Might go here at some point. Any flies that work well or reports would be appreciated


Sent from my iPhone using Ohub Campfire


----------



## V Fisher (Nov 28, 2009)

http://www.davidfrenchphotography.com/brookvillereport.html


----------



## thefraz44 (May 4, 2014)

Thanks for the website.


Sent from my iPhone using Ohub Campfire


----------



## V Fisher (Nov 28, 2009)

Let me know how you do Iv never fished there but I have always wanted to go down and will someday. May go this spring we will see


----------



## thefraz44 (May 4, 2014)

Will do. I heard its MUCH easier fishing than the mad. I've fly fished for several years and have never caught a thing at the mad.


Sent from my iPhone using Ohub Campfire


----------



## Salmonid (Apr 14, 2004)

The BTW is Much harder wading then the Mad. Much bigger rocks and lots of moss covered bowling balls. Lol. If you got a staff id bring it.
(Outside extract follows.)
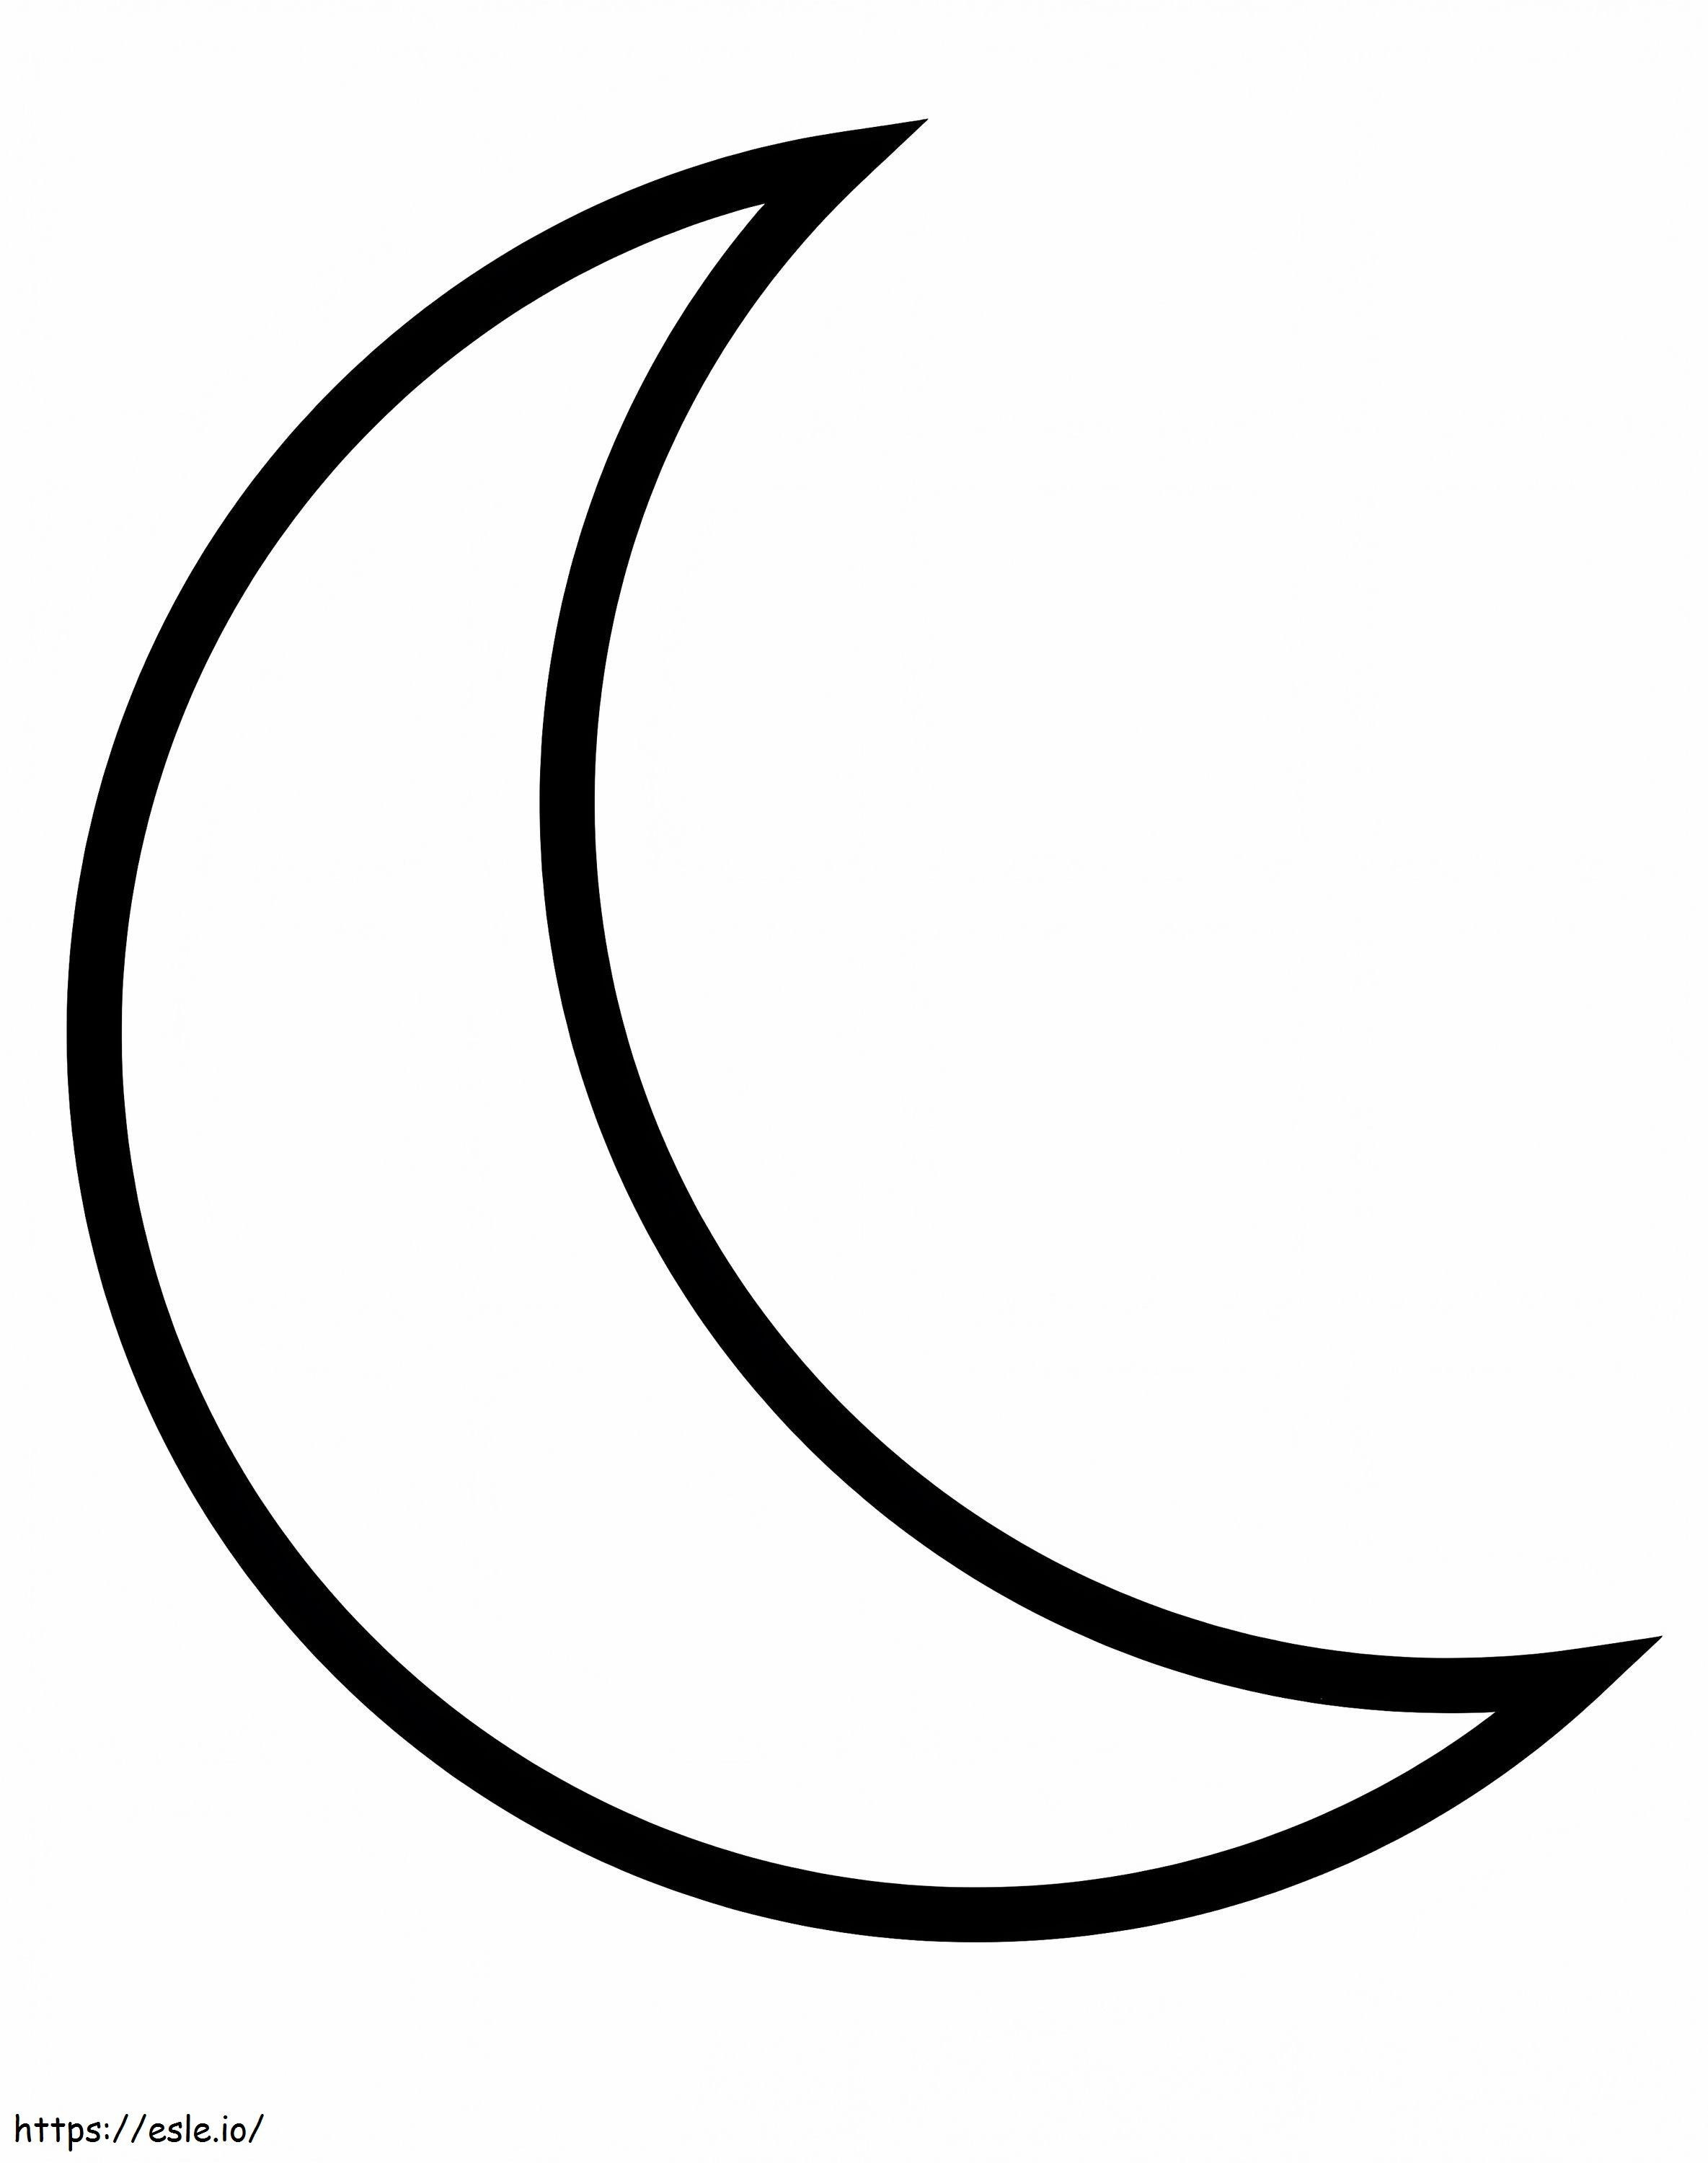 Einfache Mondsichel ausmalbilder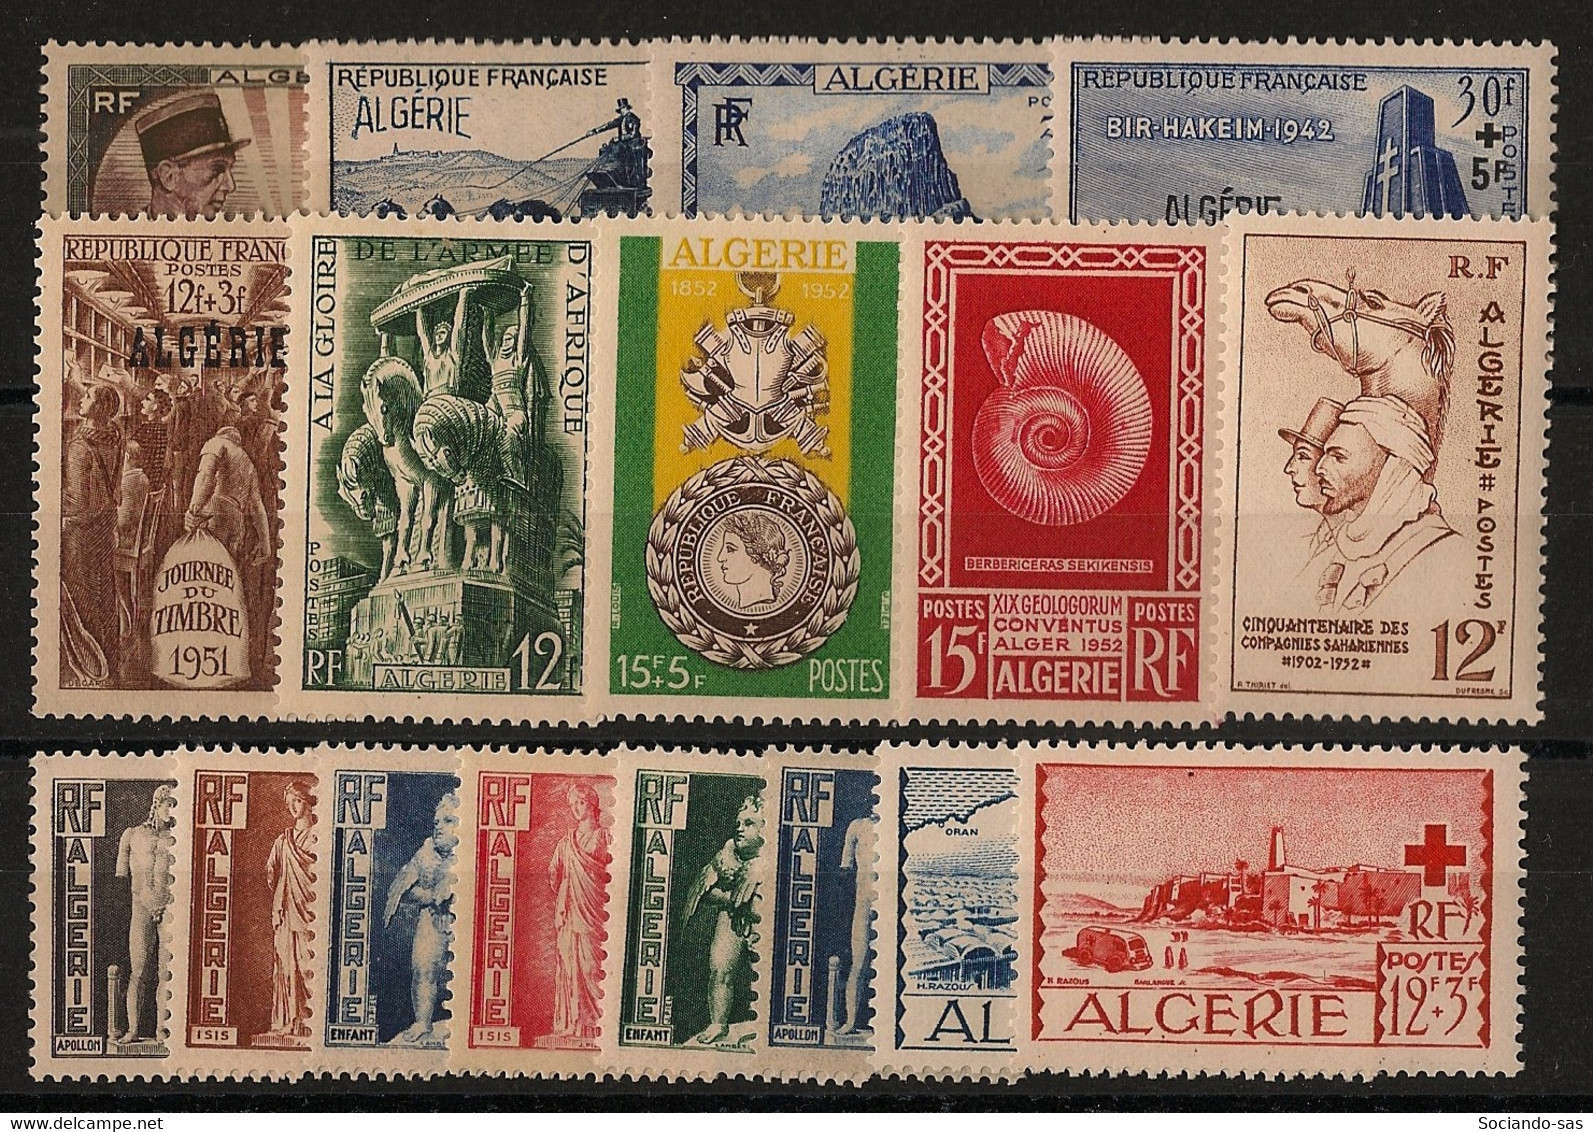 ALGERIE - Année Complète 1951-52 - N°YT. 286 à 302 - Complet - 17 Valeurs - Neuf Luxe ** / MNH / Postfrisch - Années Complètes

Even in low flows 
ive found that typically the browns on the Mad are easy to catch and that i have to work a whole lot harder over at BTW to catch fish but thats just my opinion. Your milage may vary. Bh nymphs will catch plenty of fish at either place


Posted using Outdoor Hub Campfire


----------



## thefraz44 (May 4, 2014)

Salmonid said:


> The BTW is Much harder wading then the Mad. Much bigger rocks and lots of moss covered bowling balls. Lol. If you got a staff id bring it. Even in low flows
> ive found that typically the browns on the Mad are easy to catch and that i have to work a whole lot harder over at BTW to catch fish but thats just my opinion. Your milage may vary. Bh nymphs will catch plenty of fish at either place
> 
> 
> Posted using Outdoor Hub Campfire





Really... What exactly are you using at the mad?



Sent from my iPhone using Ohub Campfire


----------